■ **WORK TASK**
The data should be written out in full, exactly as it stands, and the pictures dropped.

■ **THE DATA**

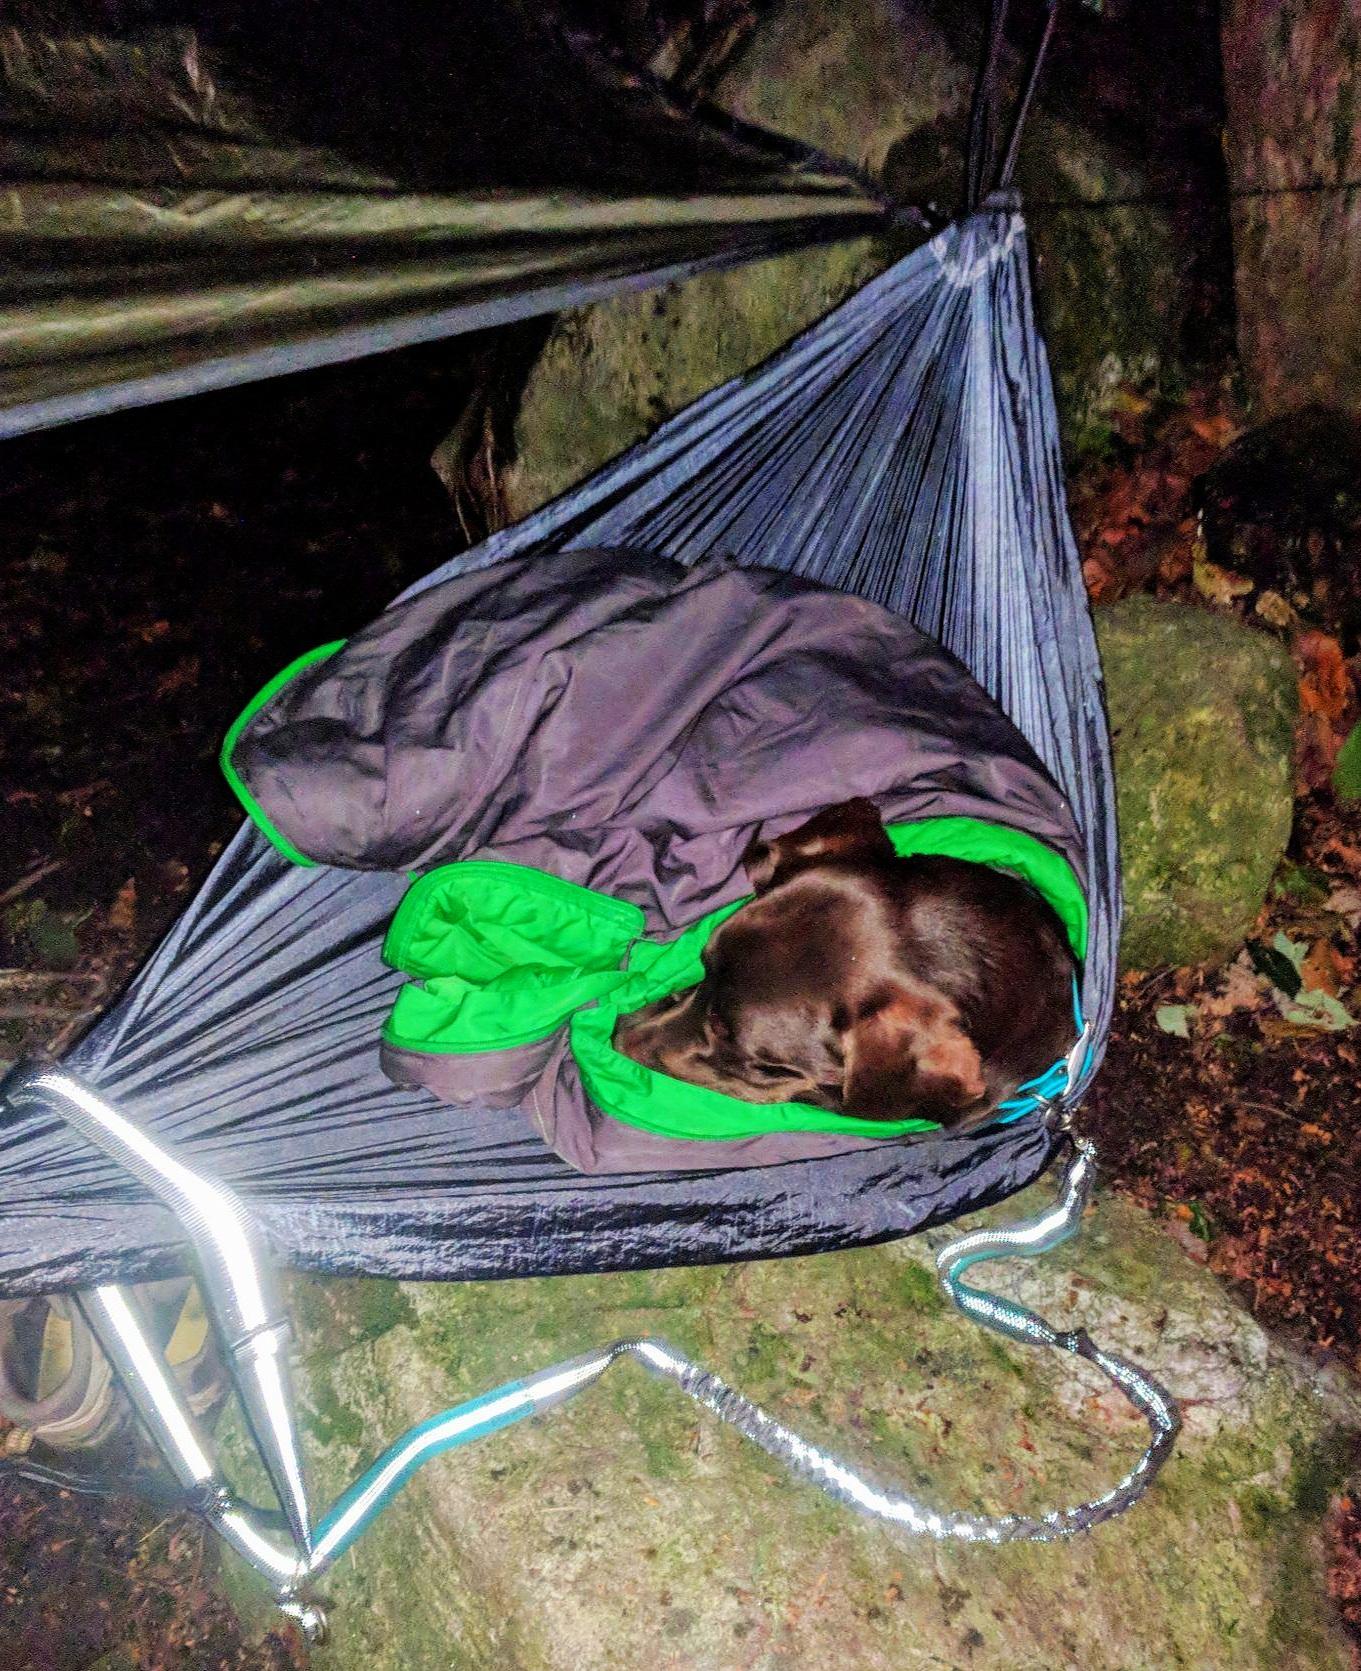 © Image of Toby in sleeping bag, courtesy of Trisha Penrod.
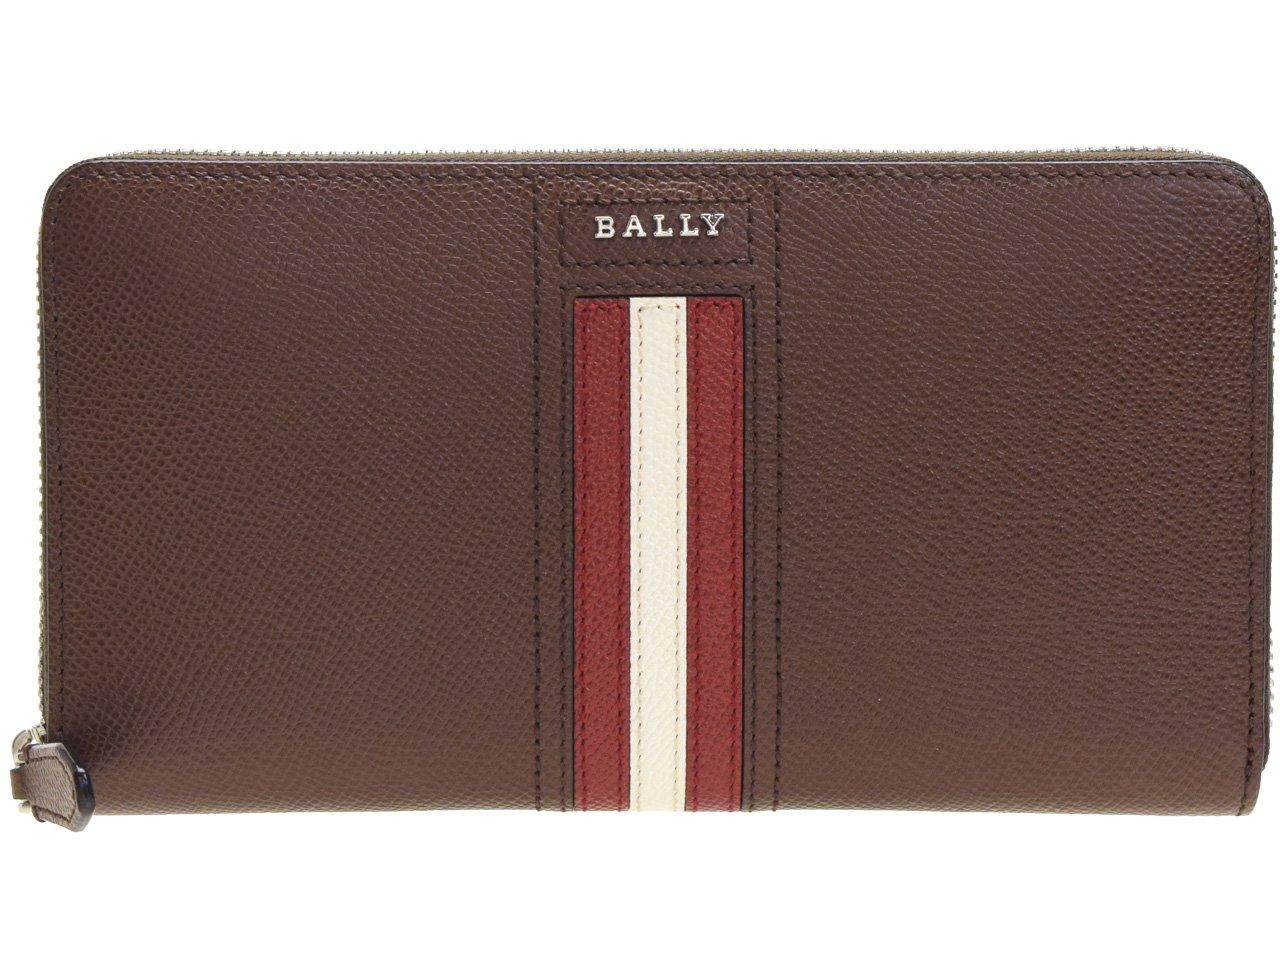 (バリー) BALLY 財布 長財布 ラウンドファスナー メンズ レザー TELEN.LT [並行輸入品] B079M5KPQ5 ココナッツ ココナッツ
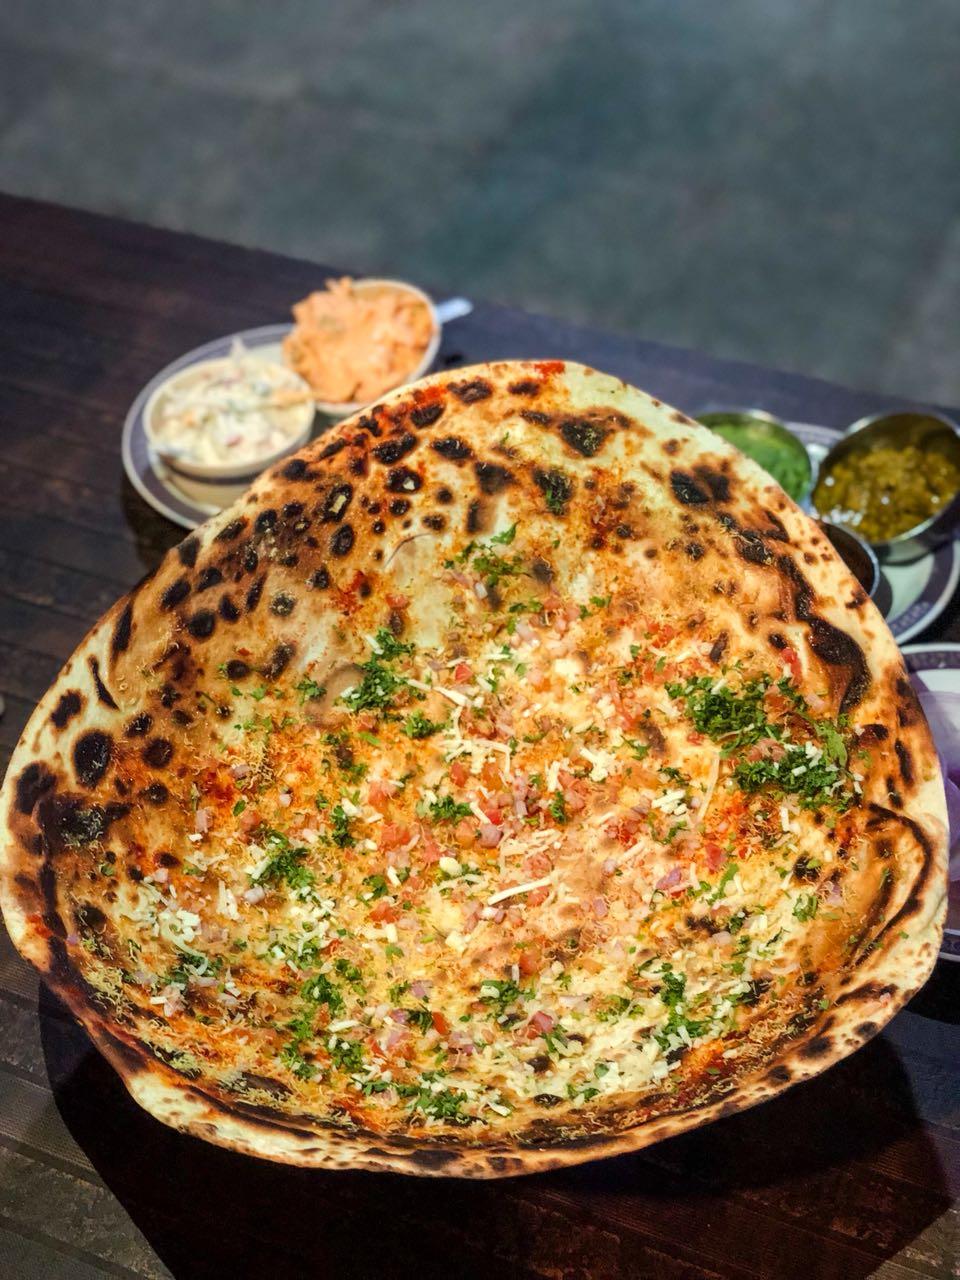 Roomali roti, Roomali Masala Papad, papad, starters, dhaba, dhaba food

■ **WRITTEN ANSWER**
 © Image of Toby in sleeping bag, courtesy of Trisha Penrod.
 (バリー) BALLY 財布 長財布 ラウンドファスナー メンズ レザー TELEN.LT [並行輸入品] B079M5KPQ5 ココナッツ ココナッツ
 Roomali roti, Roomali Masala Papad, papad, starters, dhaba, dhaba food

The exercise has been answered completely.